Not only can a fraudulent inducement claim be proven by materials outside the contract despite the presence of a merger clause, but the consequences of a successful fraudulent inducement claim are also greater than those for breach of contract. A party succeeding on a breach of contract claim may only recover damages caused by that breach. A successful fraudulent inducement claim may void the contract and open the losing party to money damages for the winning party’s reliance, as well as punitive damages.[8]
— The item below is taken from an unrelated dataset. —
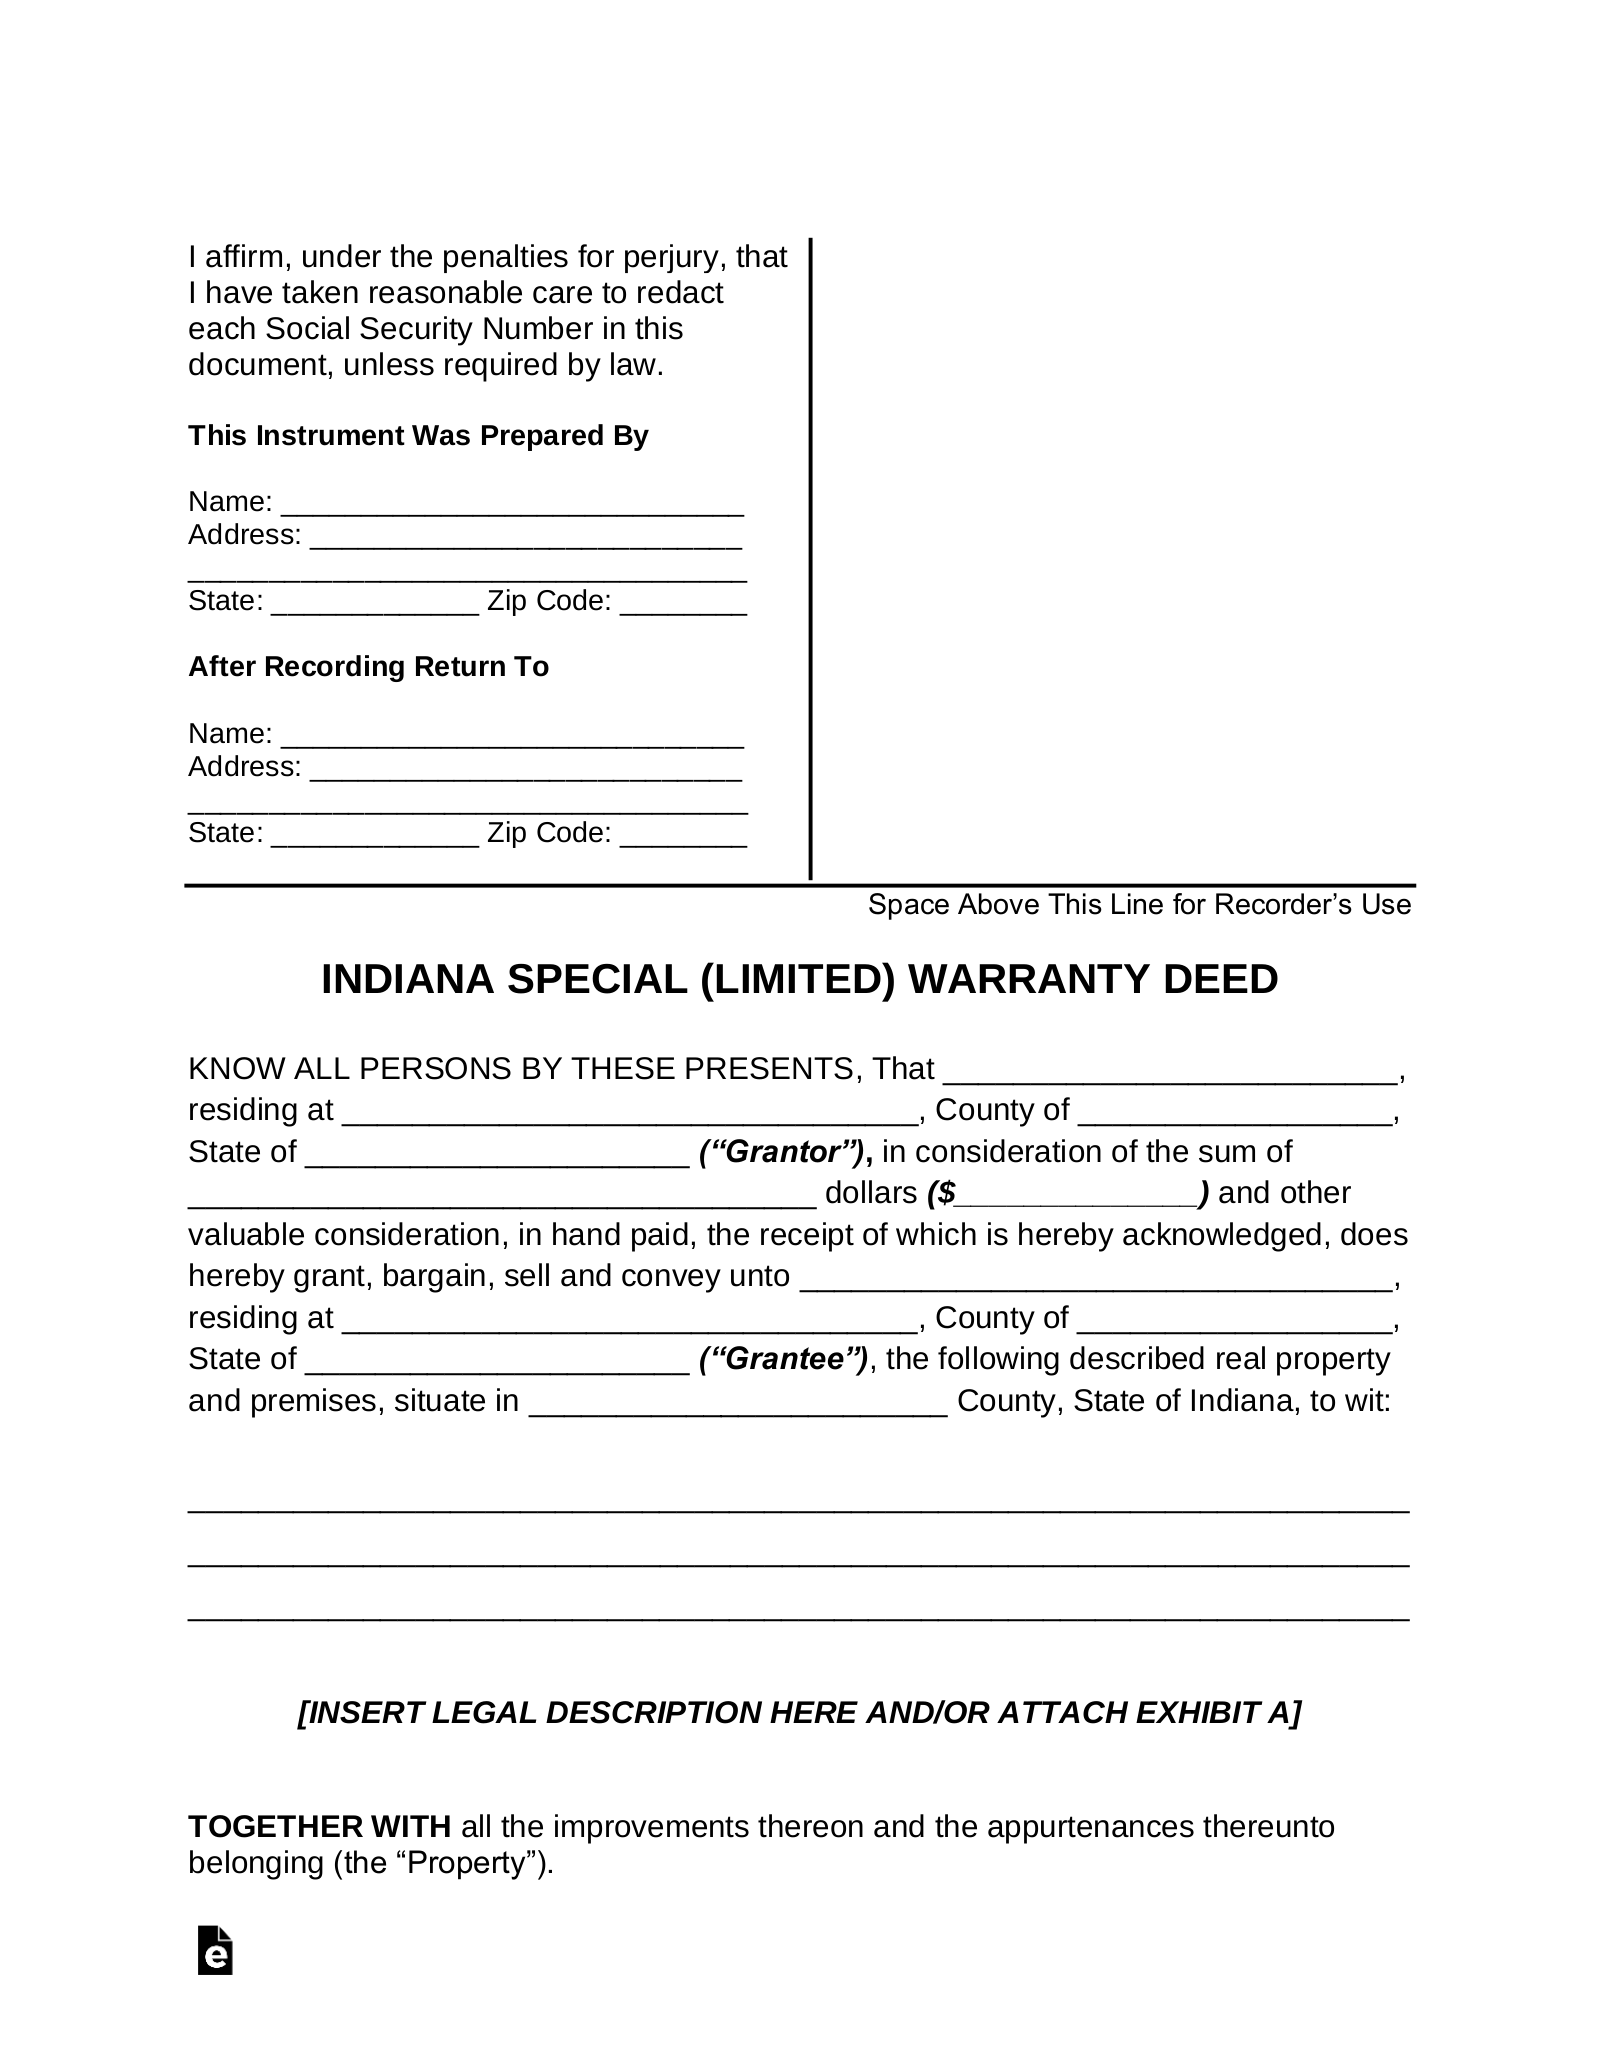 Indiana Special Warranty Deed Form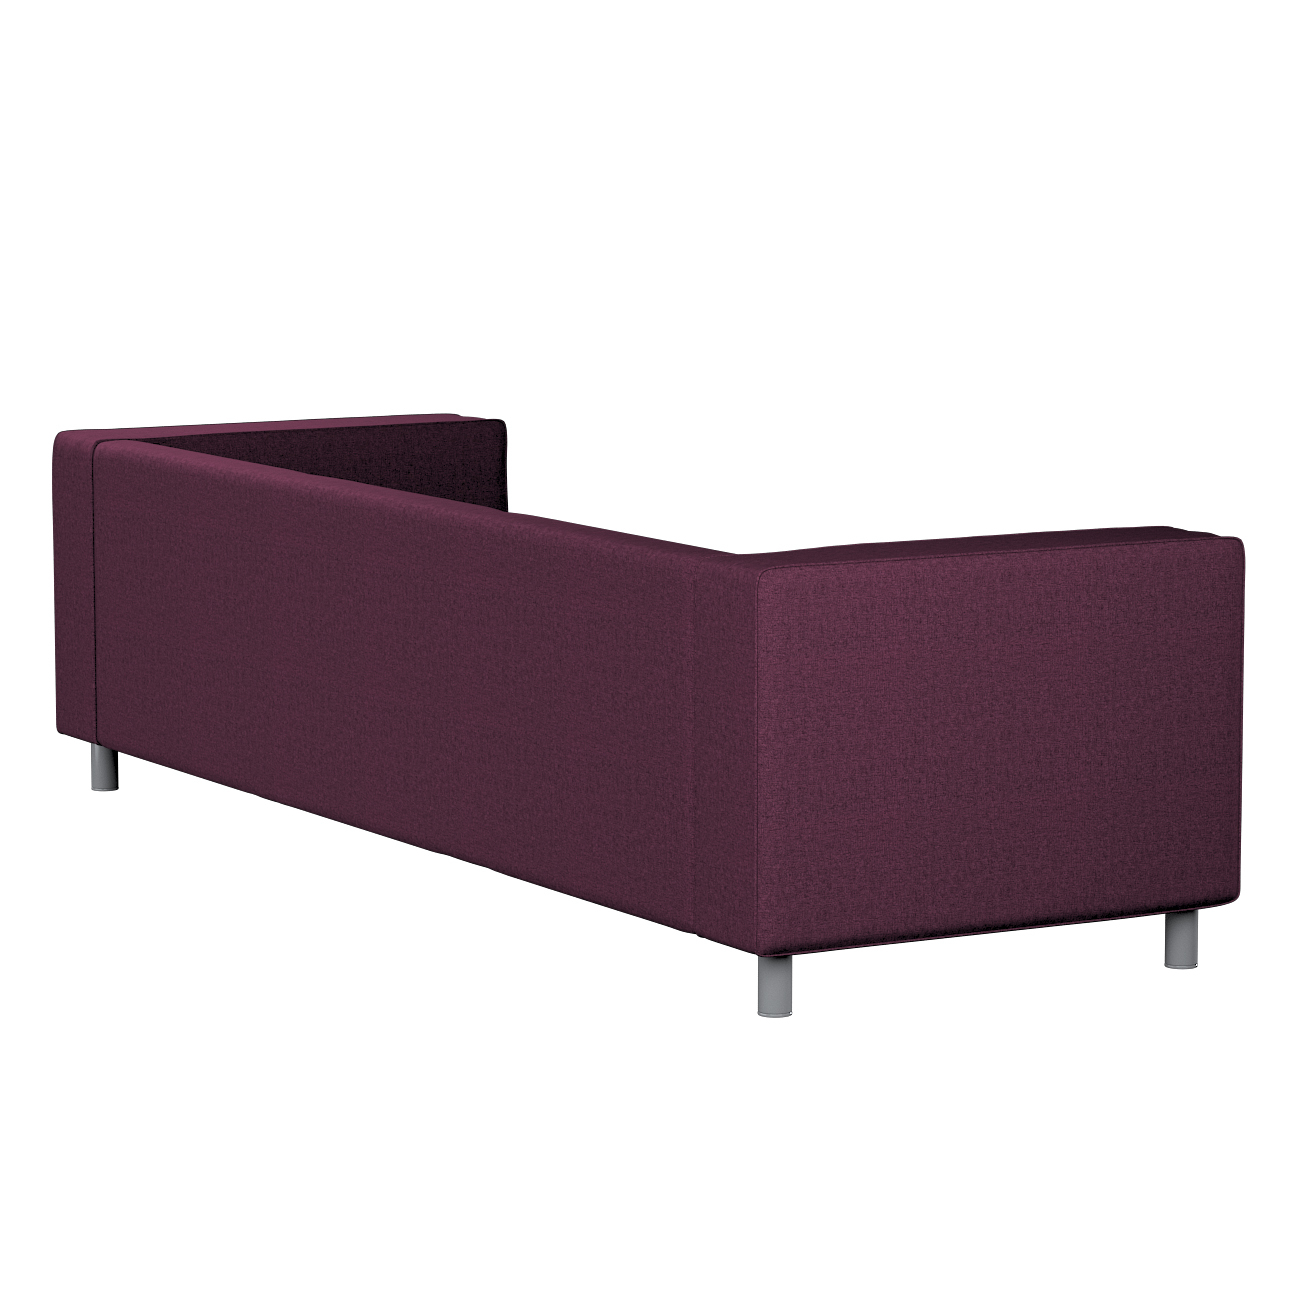 Bezug für Klippan 4-Sitzer Sofa, pflaumenviolett, Bezug für Klippan 4-Sitze günstig online kaufen

So, it is important that contracting parties not rely solely on the presence of a merger clause to create a clean record as to the parties’ relationship and transaction. To protect against potential fraudulent inducement claims, parties should disclose all material facts regarding the transaction in writing, even those that may typically not be included in a final contract. Material facts are those which are significant, important, or essential to a reasonable person in deciding whether to enter into the specific contract. In the above example, the inability to purchase the boat slip would be a material fact, as Buyer considered the ability to purchase a boat slip, once constructed, to be an important factor in determining whether to purchase the lake house. Further, if records exist that create a dispute about those material facts, those disputes should be explained, and disposed of, in a party’s disclosure of those facts. Disclosure of material facts and a clean record related to any previous dispute about those facts, along with a merger clause, should help protect a contracting party from information outside the four corners of the document being used successfully in either a fraudulent inducement or breach of contract claim.




[1] Jones v. The Village at Lake Martin, LLC, No. 2160650, 2018 WL 387912 (Ala Civ. App. Jan. 12, 2018); McCullough v. Allstate Property & Casualty Ins. Co., No. 2160497, 2018 WL 387844 (Ala. Civ. App. Oct. 27, 2017)

[2] Jones and McCullough may take a more sweeping position than previously stated, as extraneous documents have historically been disallowed to show reliance if considered to be part and parcel of the subject matter of a disputed contract that contains a merger clause. See, Alabama Elec. Coop., Inc. v. Bailey’s Construction Co, Inc., 950 So. 2d 280, 283-89 (Ala. 2006) (disallowing certificates of insurance as evidence of reasonable reliance of an additional insured when the actual insurance policies were in dispute).

[3] Capmark Bank v. RGR, LLC, 81 So.3d 1258, 1267 (Ala. 2011) (citing Reynolds Metals Co. v. Hill, 825 So.2d 100, 105 (Ala. 2002)).

[4] Auto-Owners Ins. Co. v. Abston, 822 So.2d 1187, 1196 (Ala. 2001).

[5] Torres v. State Farm Fire & Casualty Co., 438 So.2d 757 (Ala. 1983).

[6] Bedwell Lumber Co. v. T & T Corp., 386 So.2d 413, 415 (Ala. 1980).

[7] Southern States Ford, Inc. v. Proctor, 541 So.2d 1081, 1091-92 (Ala. 1989).

[8] Hobson v. American Cast Iron Pipe Co., 690 So.2d 341, 344-45 (Ala. 1997).